I snuck a peek at Rose, who was already examining rocks about twenty feet away. “You call me Pika.”
“Right?” He reached over and tugged at my hat, then swept his hand down my unbound hair.
“You know how they like to live with other animals? Well, beneath other animals?” My cheeks heated, and I wished I’d kept it to myself.
His brow furrowed. “Yeah. Sometimes they make burrows under the homes of ones that will alert them to predators.”
I nodded and dropped my gaze to the label on his jacket, then ran my fingers over the embroidery. “Marmots.”
He looked down where my fingers traced those very letters and laughed. “Guess that’s pretty fitting.”
When I was sure my face couldn’t flush any hotter, he cupped my cheeks in his palms and kissed me with warm, closed lips.
“We have a chaperone,” I reminded him but reveled in the contact.
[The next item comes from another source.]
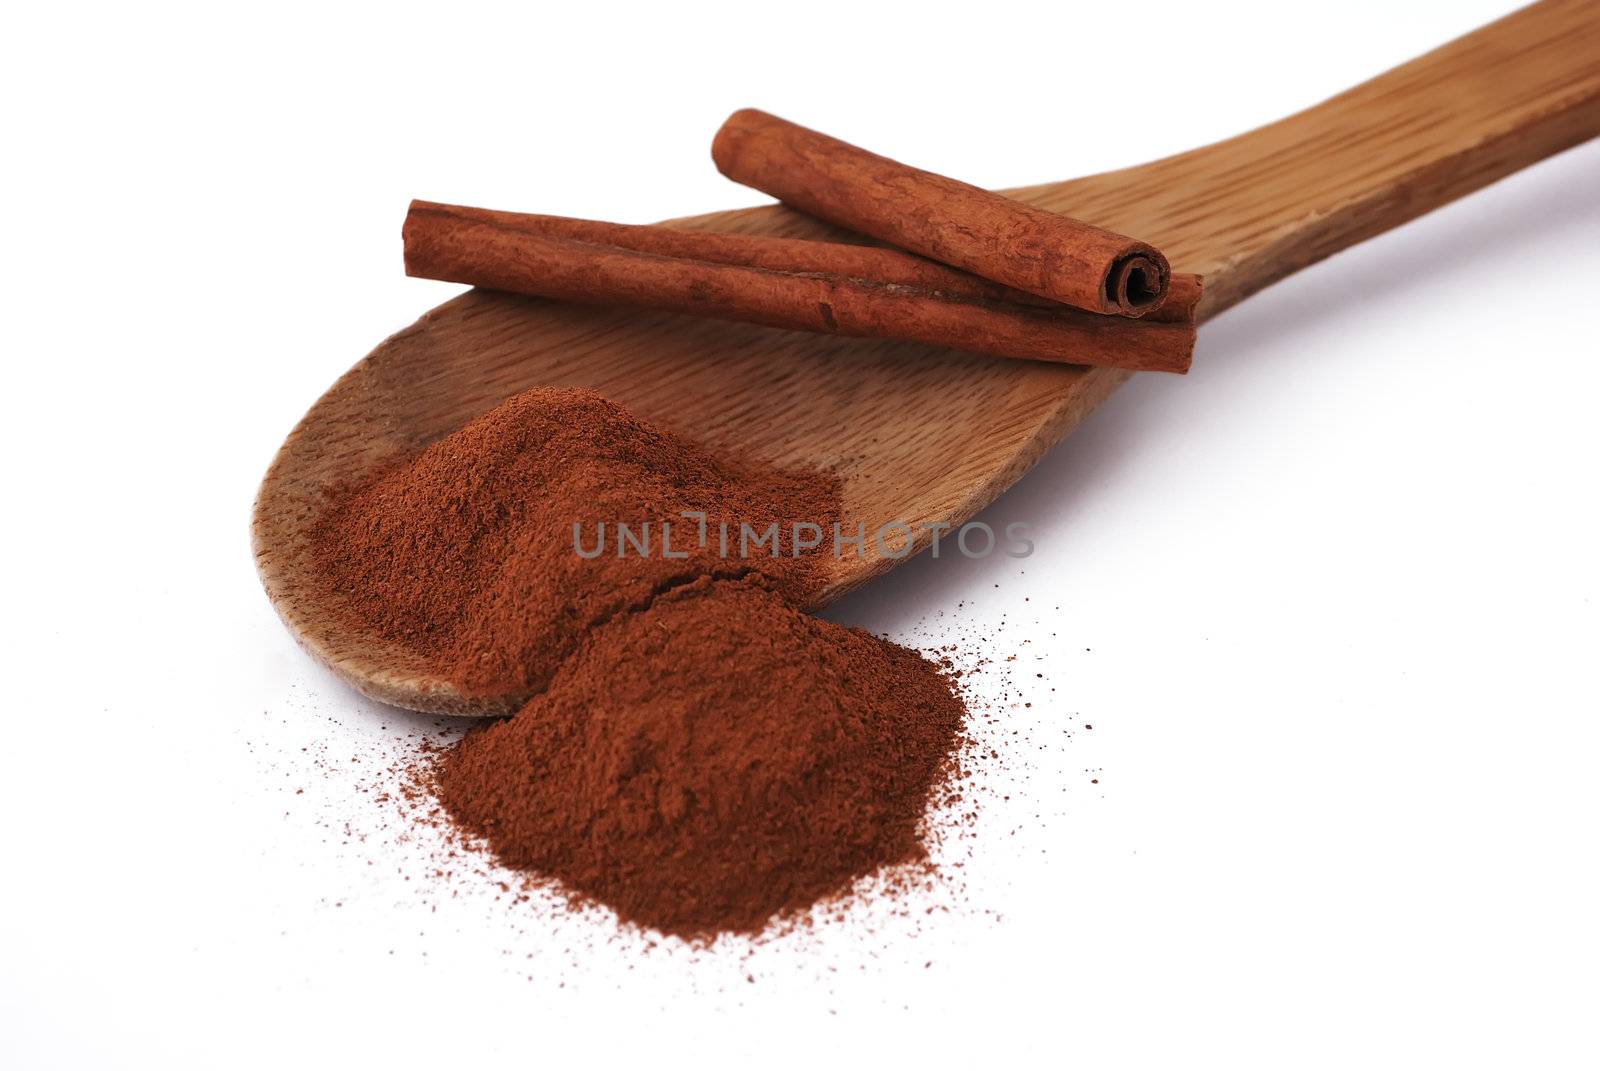 wooden spoon with cinnamon and a few tubes of cinnamon

It still floored me that I was allowed to kiss Cam whenever I wanted. That he was mine in every sense. Well, at least when we were alone. We hadn’t exactly gone outright public, both content to stay in our little happy space.
“A bad one at that,” he said with a smile. “Hey, Rose, what do you say we check out your namesake?”
“Can you bring the bag?” she asked, her arms already full of rocks.
“I’ll do you one better,” he replied. “Wait right there.”
A minute later, he returned from the first construction trailer with a canvas backpack. “What do you think?” he asked as he handed it to her.
“Cool! Can you unzip it?”
“You bet.” Once they had Rose’s rocks secure, he showed me the bag, which had the logo I’d designed for him embroidered across the back.